First: The law points out the mode for the sale and conveyance of such estate; and although there is nothing in either statute which is positively restrictive of other modes of conveyance, still the civil disabilities under which the wife labored at common law, and the utter inutility of the clause if we give it any other construction, induce us to regard this as an enabling clause, which, to effect a conveyance of title, must be conformed to. — Whitman v. Abernathy, supra ; Greenwood v. Coleman, 34 Ala. 150 ; Ikelheimer v. Chapman, 32 Ala. 676 ; Peck v. Ward, 18 Penn. State R. 506 ; Mahon v. Gormly, 24 ib. 82 ; Ritter v. Ritter, 31 ib. 396 ; Heugh v. Jones, 32 ib. 432 ; Petit v. Fretz, 33 ib. 118. — See, also, Frost v. Doyle, 7 Sm. & M. 74; Berry v. Bland, ib. 83 ; Waul v. Kirkman, 25 Miss. 619 ; Franklin v. Beatty, 27 Miss. 347; Andrews v. Jones, 32 Miss. 274; Metcalf v. Cook, 2 R. I. 355 ; Miller v. Williamson, 5 Md. 235 ; Tarr v. Williams, 4 Md. Ch. Dec. 68 ; Williams v.Donaldson, ib. 414; Bailey v. Pearson, 9 Foster, 77 ; Cartright v. Hollis, 5 Texas, 153.
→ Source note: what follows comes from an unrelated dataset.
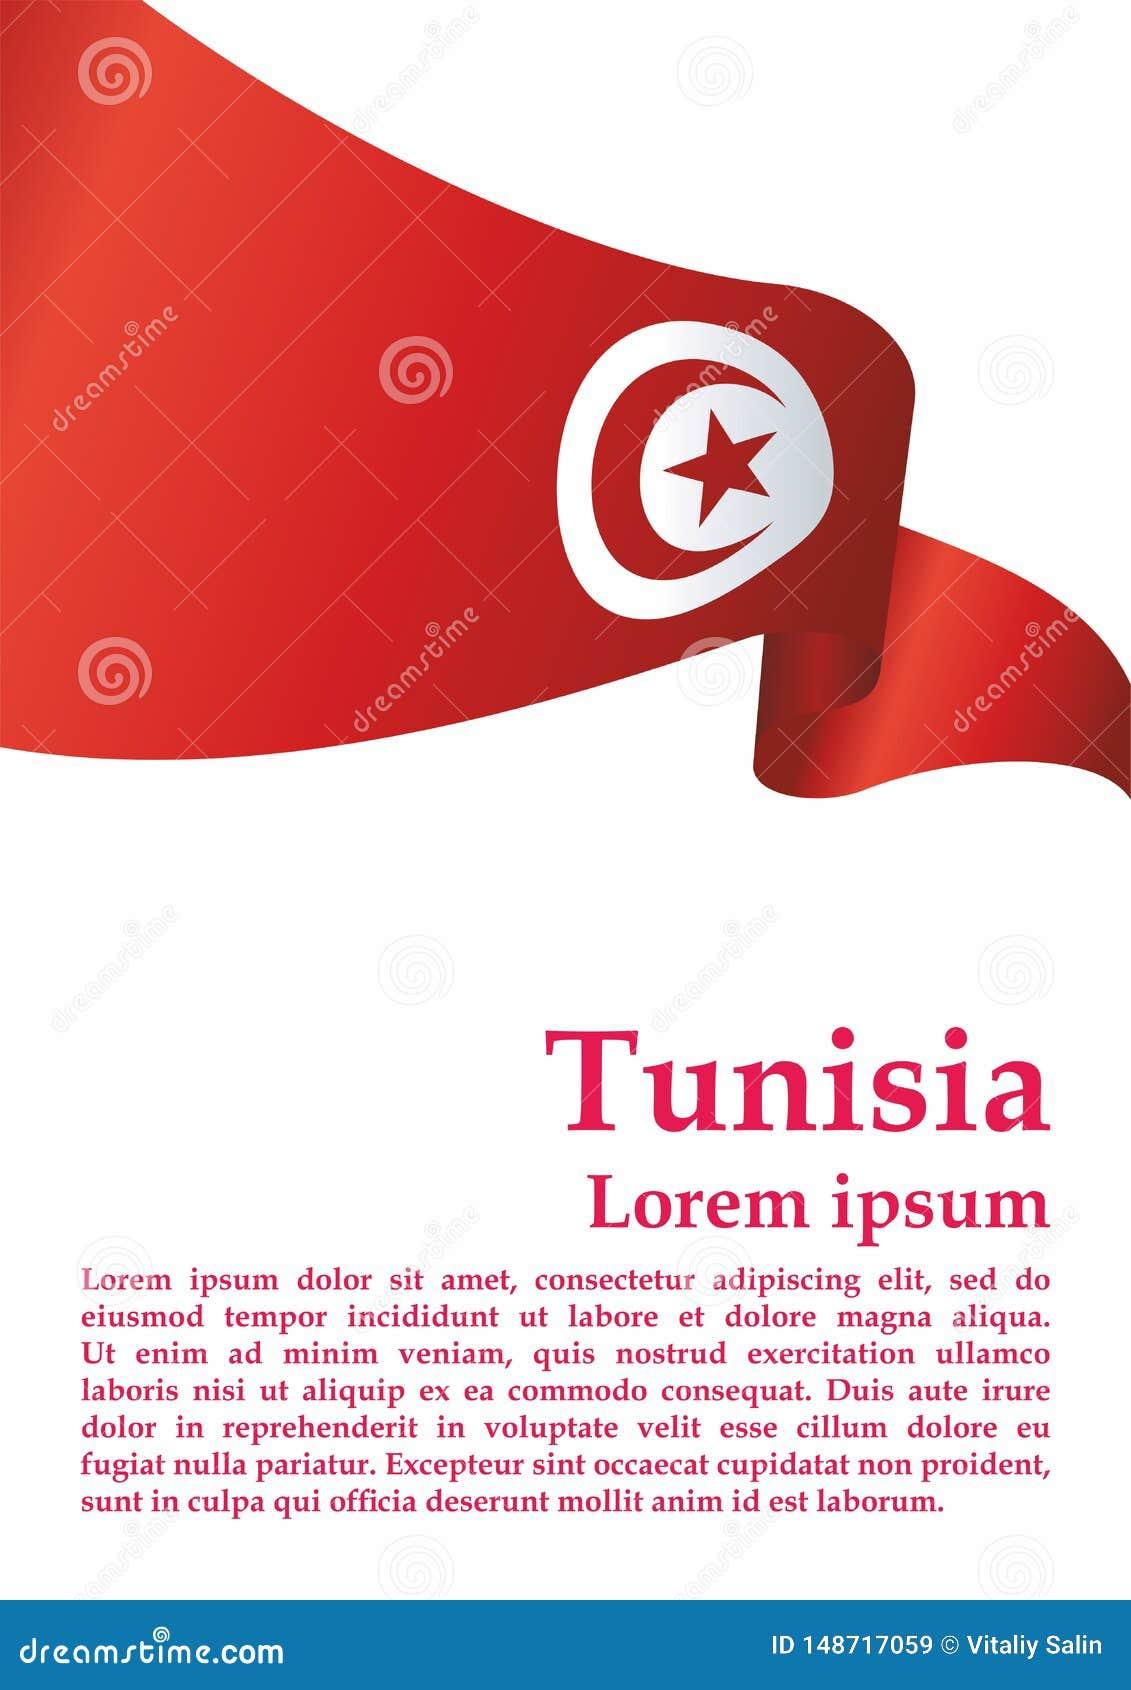 Drapeau de la Tunisie, république tunisienne Calibre pour la conception de récompense, un document officiel avec le drapeau de la
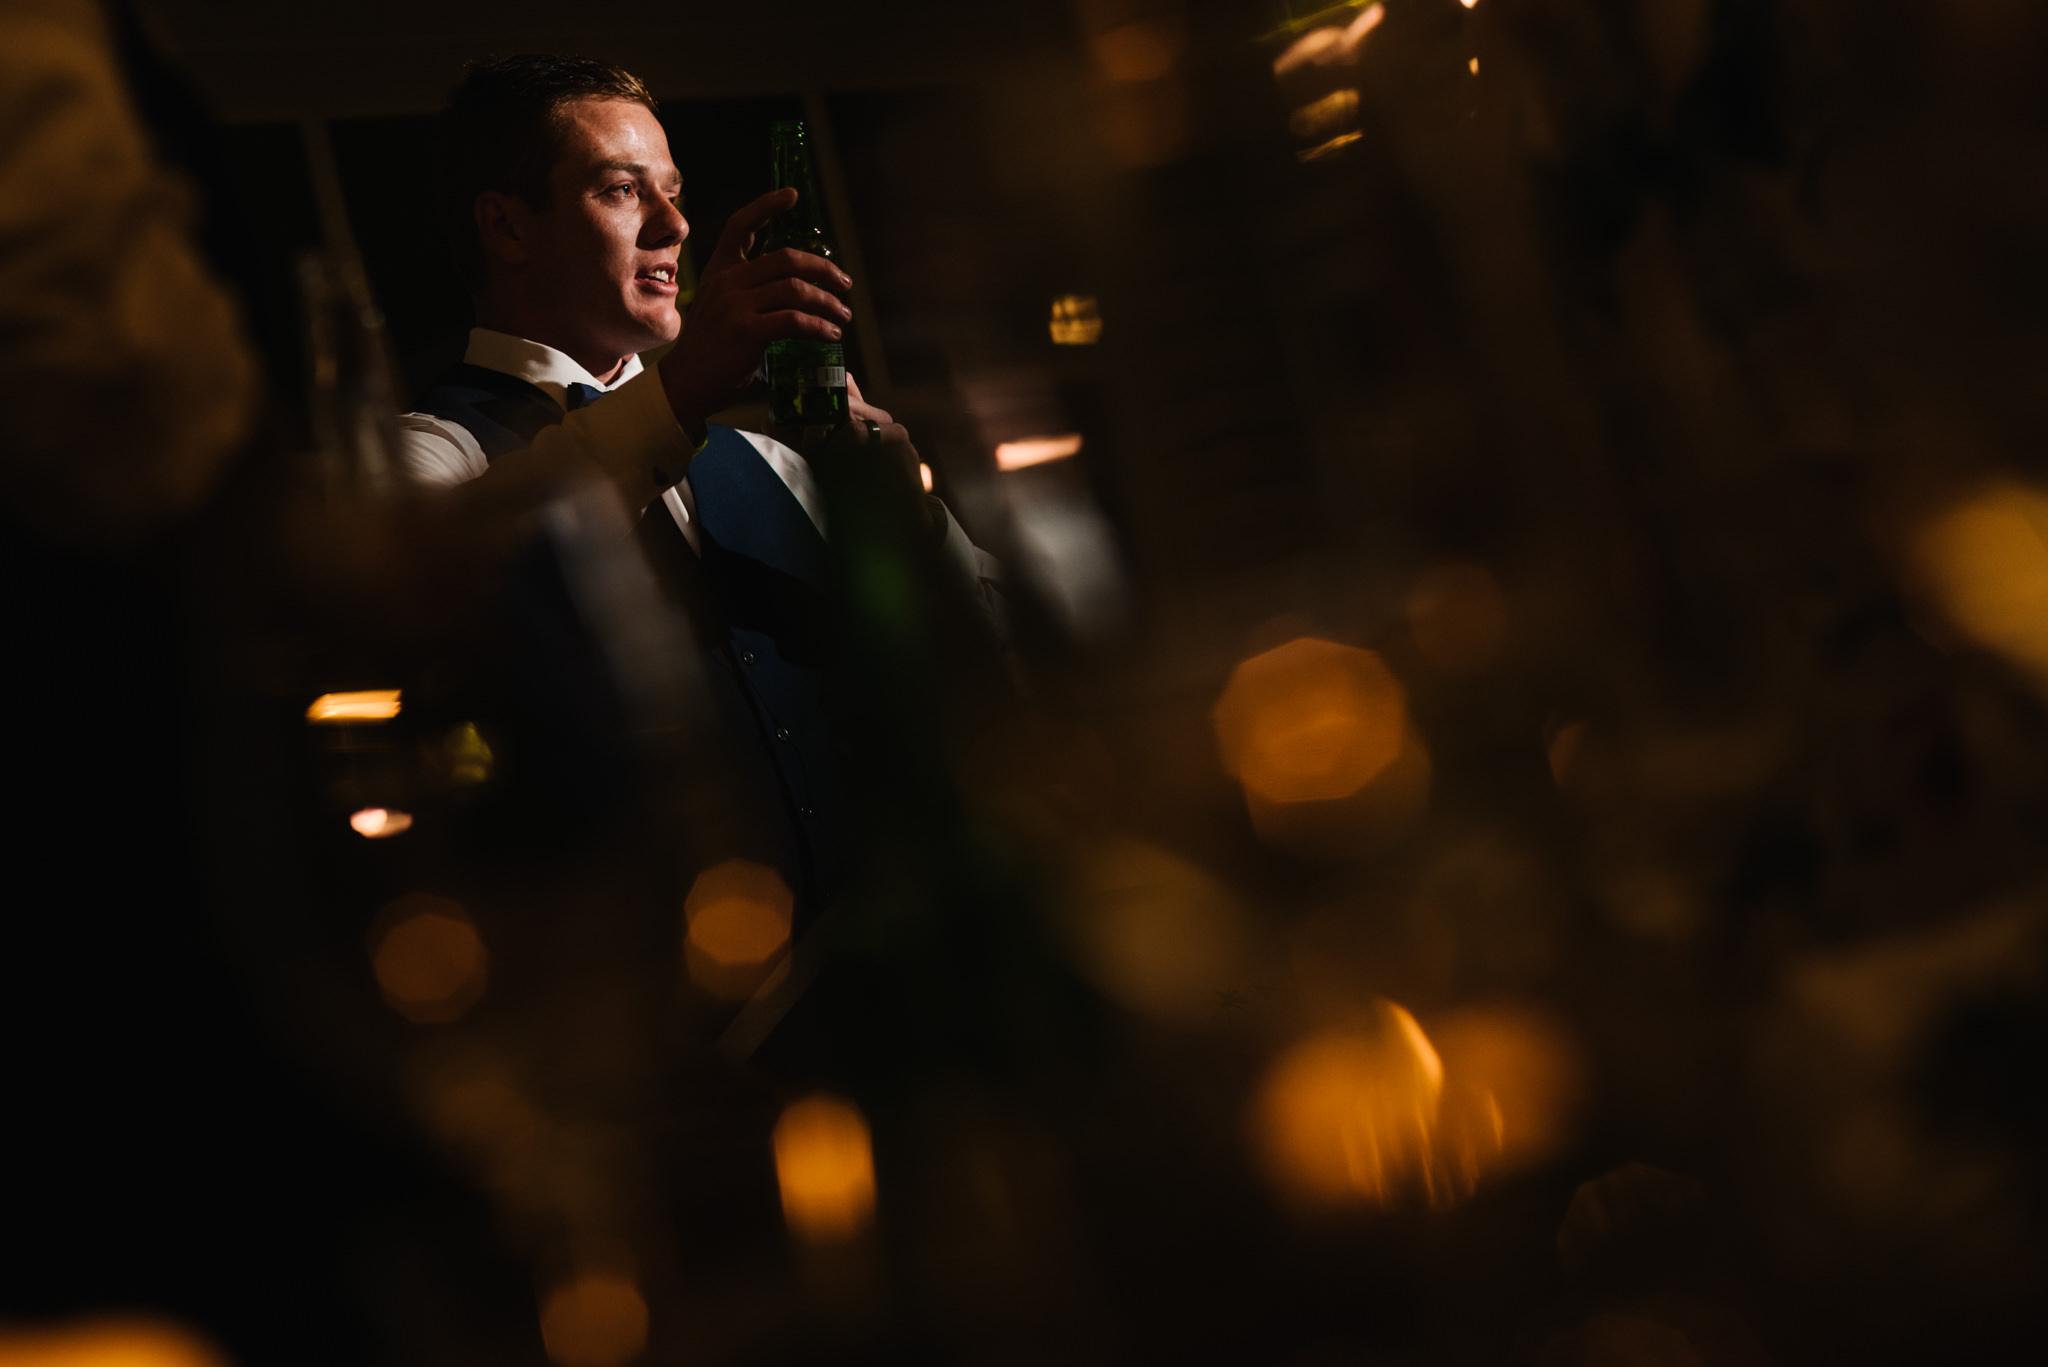 Best man giving speech amongst candlelight

Secondly: The act of 1S50, and the Code, give to the husband the right to manage and control the property of the wife, without liability to account with the wife, her heirs, or legal representatives, for the rents, income, or profits thereof. We have repeatedly held — too often for the subject now to be open to controversy — that, under this clause, the husband becomes the owner of the rents, income, and profits of the wife’s estate. — Weems v. Bryan, 21 Ala. 302 ; S. C., 25 Ala. 195 ; Andrews v. Huckabee, 30 Ala. 152 ; Pickens v. Oliver, 29 Ala. 528; Whitman v. Abernathy, 33 Ala. 160; Rogers v. Boyd, 33 Ala. 181; Smyth v. Oliver, 31 Ala. 39 ; Cowles v. Morgan, 34 Ala. 535 ; Boaz v. Boaz, 36 Ala. 334 ; Alexander v. Saulsbury, 37 Ala. 375 ; Patterson v. Flanagan, 37 Ala. 513 ; Bennett v. Bennett, 34 Ala. 53.

[524]*524In the case of Boaz v. Boaz, (supra,) we said, “The legislature, iu making the exemption from liability for the husband’s debts, certainly did not look alone to his benefit. * * * The husband, therefore, holds the property as trustee, and is entitled to the income, merely because he is not required to account for it as trustee.” We further said, the income is given to the husband, in order that he may, out of it, support the wife and children, &c. In that case, the husband had permanently abandoned the wife; and he was removed from the trust, because he had placed himself in a condition in which he could not properly administer the income and profits for the maintenance of the family. — See, also, Patterson v. Flanagan, supra.